Isobaric-isothermal molecular dynamics computer simulations of the properties of water-1,2-dimethoxyethane model mixtures

TL;DR

This study uses molecular dynamics simulations to analyze the structural, thermodynamic, and dynamic properties of water-DME mixtures across different compositions, providing insights into their molecular interactions and behaviors.

Contribution

It applies specific water and DME models to systematically investigate a wide range of properties, offering new detailed insights into water-DME mixture behavior.

Findings

Radial distribution functions reveal structural trends.

Thermodynamic properties vary with composition.

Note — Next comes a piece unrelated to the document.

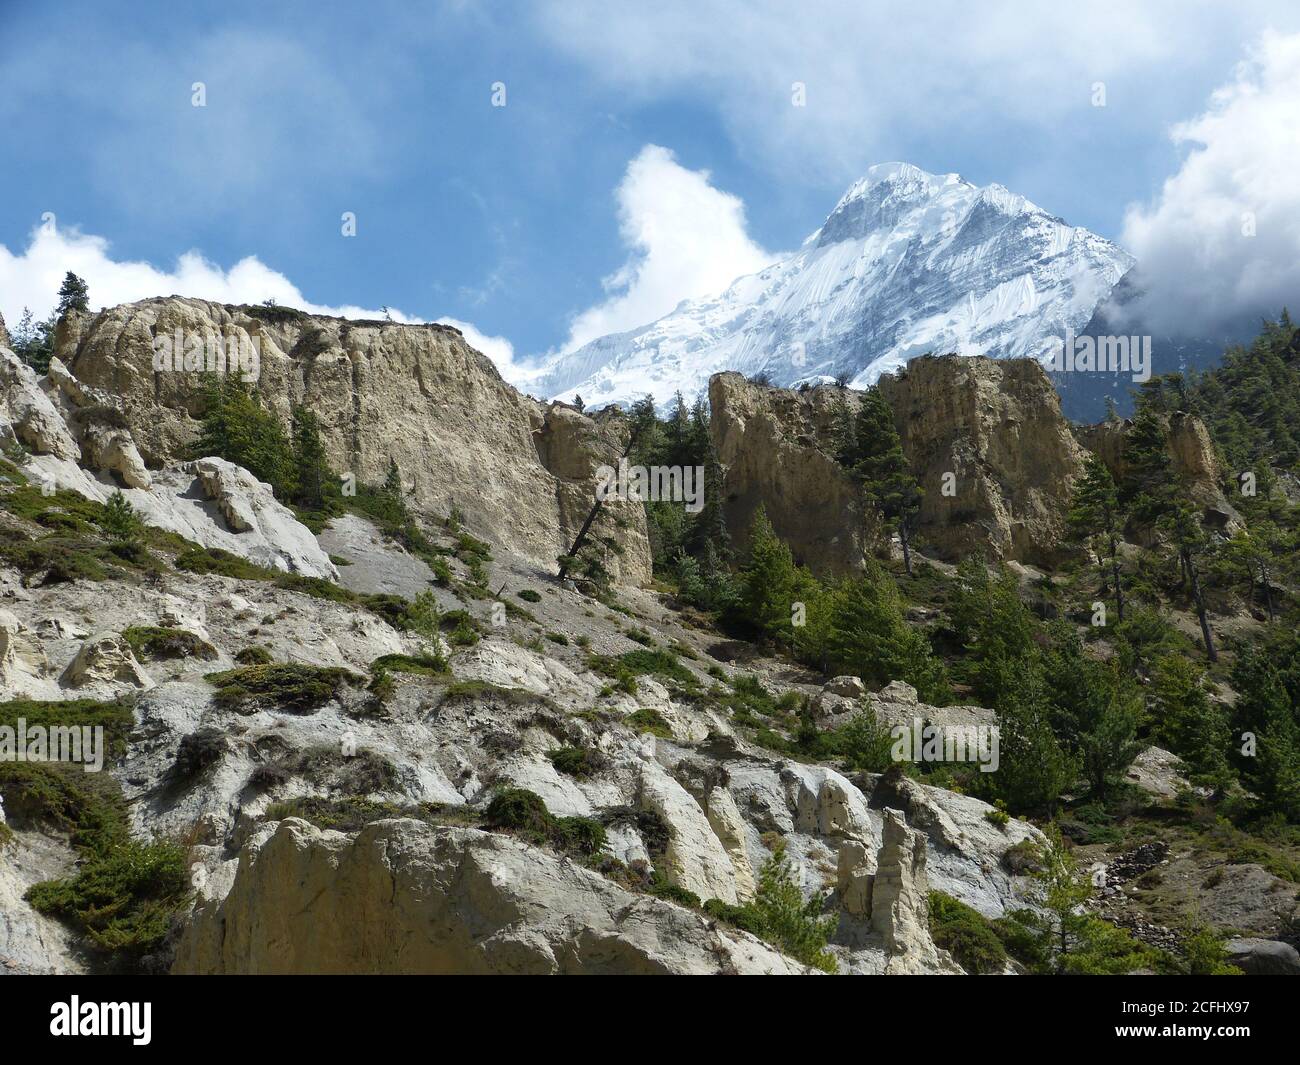 Mystérieuse nature tibétaine à Mustang, au Népal. Vue incroyable sur les rochers blancs et les conifères verts. Montagne enneigée Nilgiri. Magnifique montagne himalayenne Banque D'Images

Self-diffusion coefficients and dielectric constants are quantified.

Abstract

Isothermal-isobaric molecular dynamics simulations have been performed to examine a broad set of properties of the model water-1,2-dimethoxyethane (DME) mixture as a function of composition. The SPC-E and TIP4P-Ew water models and the modified TraPPE model for DME were applied. Our principal focus was to explore the trends of behaviour of the structural properties in terms of the radial distribution functions, coordination numbers and number of hydrogen bonds between molecules of different species, and of conformations of DME molecules. Thermodynamic properties, such as density, molar volume, enthalpy of mixing and heat capacity at constant pressure have been examined. Finally, the self-diffusion coefficients of species and the dielectric constant of the system were calculated and analyzed.